PURLs are only as good as the maintenance work that has gone into updating the underlying URLs when they inevitably change. And in the lucky cases where the underlying URL haven’t changed, all the work that has gone into managing the infrastructure behind that URL namespace in order for that URL to stay the same. Updating to remain the same, with apologies to Wendy Chun.

I was reminded of PURLs recently when I happened to notice a link to a broken PURL in some old documentation about RSS 1.0. In this case Carl fixed the PURL not by updating the PURL to point at the correct place, but by putting a copy of the document where the PURL expected it to be.

This got me into looking at how the PURL service worked. As the Wikipedia article sketches out, PURLs have had a variety of implementations over the years. From the HTML at purl.fdlp.gov it looks like they are running the Zepheira / 3 Round Stones version–it’s not clear to me where one of those began and the other ended, and if any of that software is open source or not.

In 2016 OCLC and the Internet Archive announced that the venerable purl.org service had moved to the Internet Archive. In the process the software was completely rewritten (I’ve heard it’s a Python application, but I don’t think the source code has been released). One of the interesting side effects of this rewrite is that the new PURL server uses IA’s backend storage as a kind of database–and that storage is public.
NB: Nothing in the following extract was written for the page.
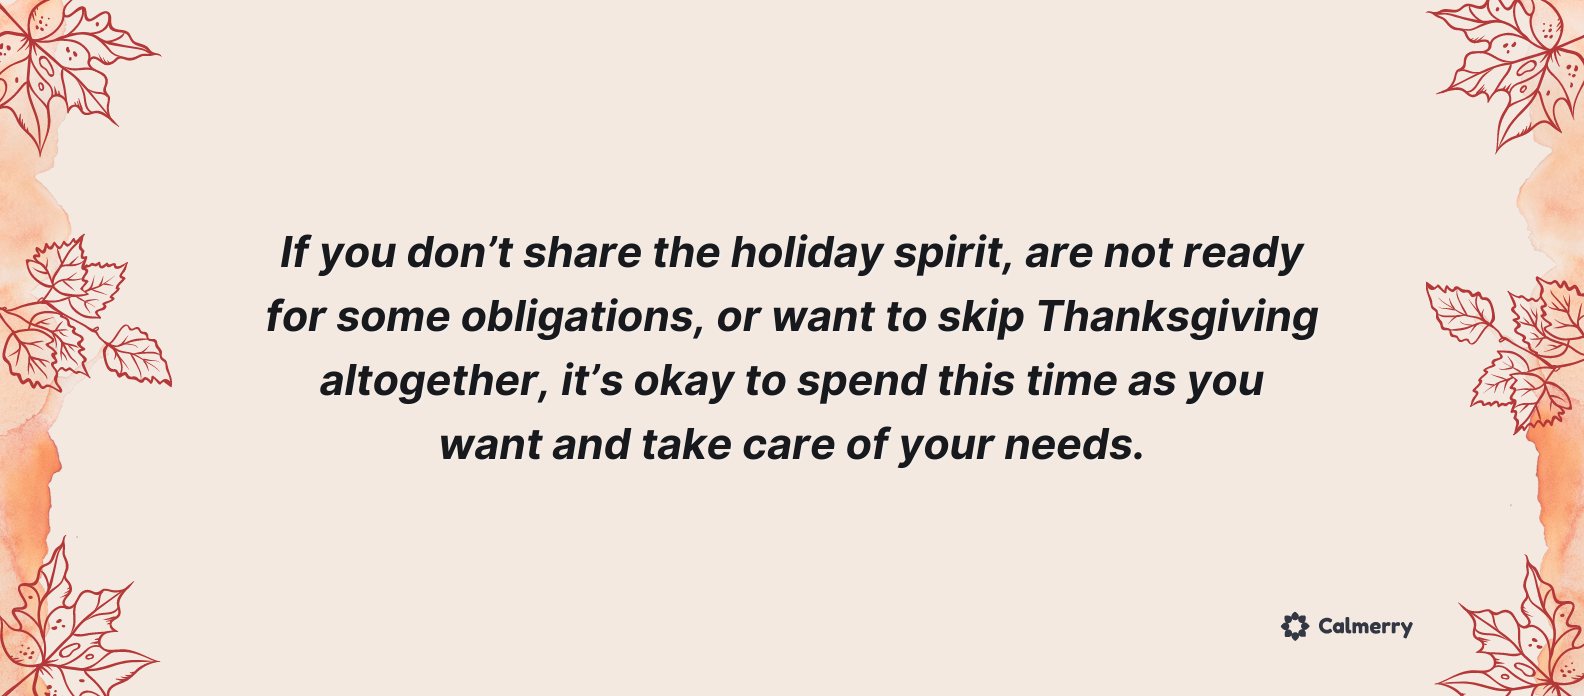 If you don’t share the holiday spirit, are not ready for some obligations, or want to skip Thanksgiving altogether, it’s okay to spend this time as you want and take care of your needs.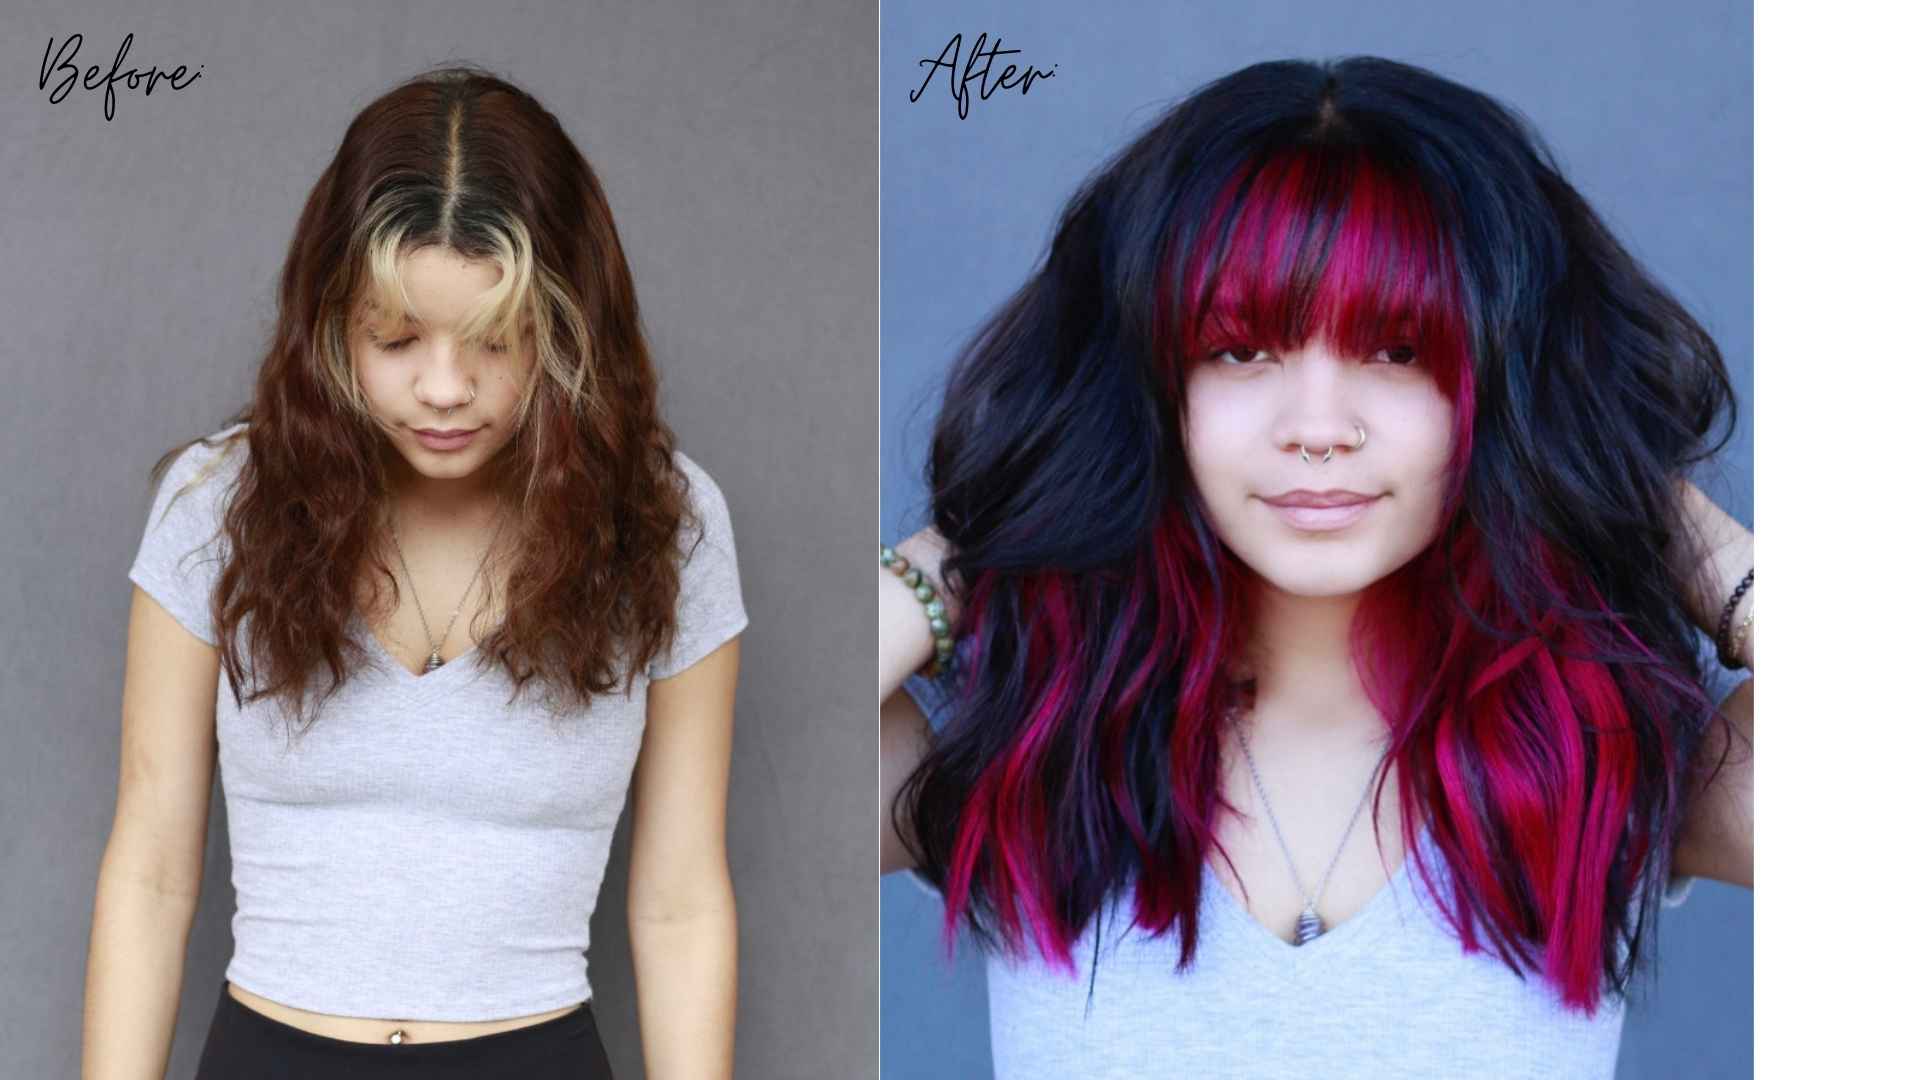 3. "20 Stunning Peekaboo Hair Color Ideas for a Bold and Vibrant Look" - wide 3

So every PURL namespace is an item in the PURL Data Collection. This collection contains a couple JSON files that describe the PURL/URL mappings contained in that namespace as well as who maintains it, and a history of its changes. So for example the PURL for the Dublin Core Terms namespace is:

https://purl.org/dc/terms

and this IA item contains the metadata for that namespace:

https://archive.org/details/purl_dc_terms/

which really is a s3 like bucket that contains two JSON files:

If you squint a bit the PURL system kind of looks like a static site, in that the data it uses is all sitting in static files in their S3-like storage. Of course it’s not really like a static site because there is a dynamic web application reading these files, doing the redirects, and no doubt caching things. Also these seemingly static files are updated when a PURL is edited. But it’s nice that the data is all in JSON files sitting out there for anyone to look at. In some ways it’s not unlike the approach taken by the w3id project, which is basically to use Git and Apache to version identifier namespaces. This is fanciful, but both approaches kind of remind me of the exposed pipes on the Centre Pompidou, where the color of each pipe represents a different function (air, electricity, water, escalators, etc).

The w3id approach is nice because you can get all the data with git clone on the command line. Doing the same thing with purl.org is possible, but takes a little bit more work because you have to use the Internet Archive API to first get all the items in the PURL Data Collection and then go and fetch the JSON files for all of those items.

I decided to give this a try over in this Jupyter notebook. Once you have the data it’s possible to ask some questions that weren’t easy to ask before.

How often are new PURL namespaces created?

A few obvious things to note here are that PURLs started in 1995, and we only see 2009 on. Also 2009 is off the charts in terms of the number of namespaces that were created that year. One can only assume that the underlying system was modified then to start recording when the namespace was created. Things look a bit more interesting if you ignore the 2009 backlog.

Here you can clearly see that more PURL namespaces are being created after the move to the Internet Archive in 2016.

Similarly it’s possible to use the history files to see how often namespaces are being updated after they were created.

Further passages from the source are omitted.